Sunday, June 20, 2010

stupidity

It comes to a certain point that you'd realize that things just won't work out. You try your best to give it a shot, but if the other party in the relationship doesn't want to, who are you to force yourself to do it? Magmumukha ka lang tanga. I think that's what I've been like the past days and weeks. Tanga Tanga Tanga.

What's annoying is that alam ko na ngang nagtatanga tangahan ako, pero affected na affected pa din ako. I can't get myself to do something about it. Ang daya talaga ng kapalaran. Ang hirap.

If you were the one left behind by a guy, who has apparently already moved on way before he dropped the bombed on me, it's hard. I hope he doesn't do the same to other people too. I'm seeing this totally different person now. Jerk.

After all, he can't keep his mouth shut, of all places, sa FB pa nagpopost ng stupid stuff. Kaya irritating. Can't he respect me enough to just shutup? Well at least he finally blocked me from viewing his wall. Good for him. Good for me. At least he can further trash talk me there. I on the other hand, finally deactivated FB. It's no longer healthy for me. He was the one who broke it off. He was the one who decided by himself, surprising me altogether. Unfair. I had no idea at all.

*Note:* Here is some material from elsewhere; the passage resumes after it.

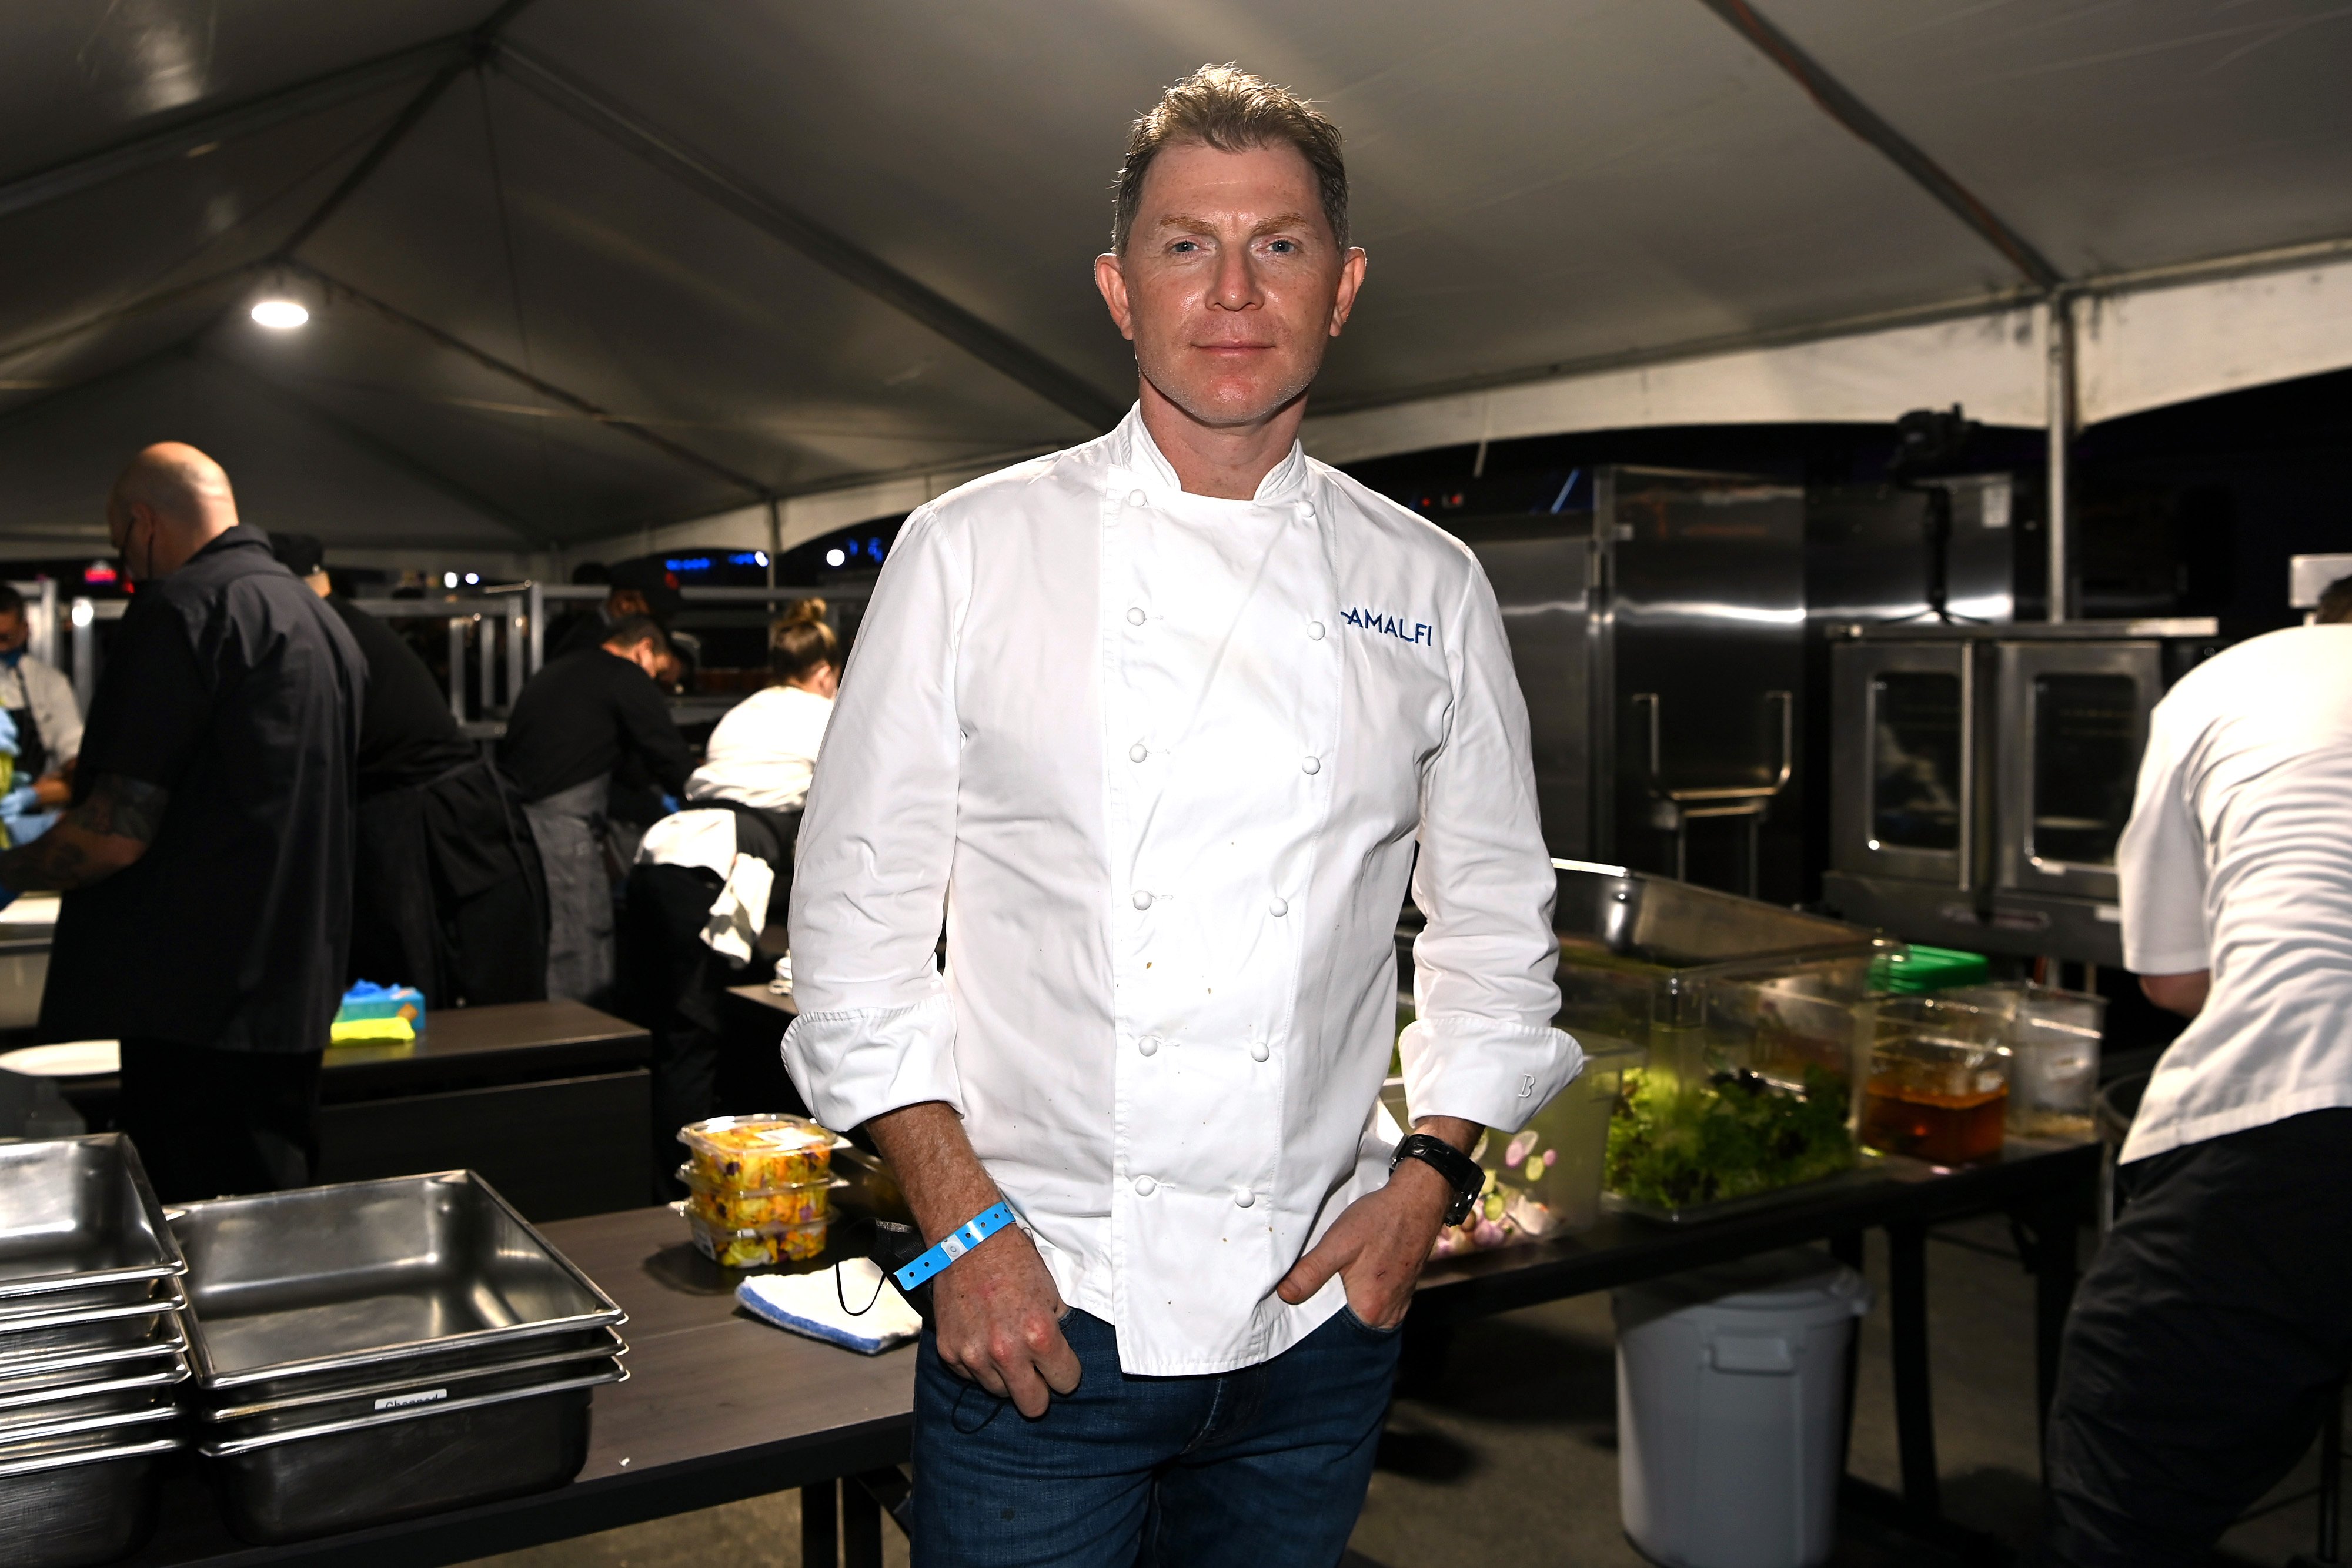 Food Network star Bobby Flay is photographed in his chef's uniform.

I'm angry at him. He made me look stupid, he made me feel lousy. Basically, he made my life seems wrong for the moment. But is it worth mag mukmok about it? Eh siya naman nag move on na eh. Hindi eh. Hindi talaga worth it. Unfortunately, I have to admit that I am an emotional mess right now and I need to go through this. Thanks goodness for friends!

I hope he realizes later on what he did was wrong and unfair. I hope he realizes later on that things just don't work out like that. Hindi nakakatuwang manloko ng tao. And that's exactly what he did to me. Niloko niya ako. Stupid me fell for it.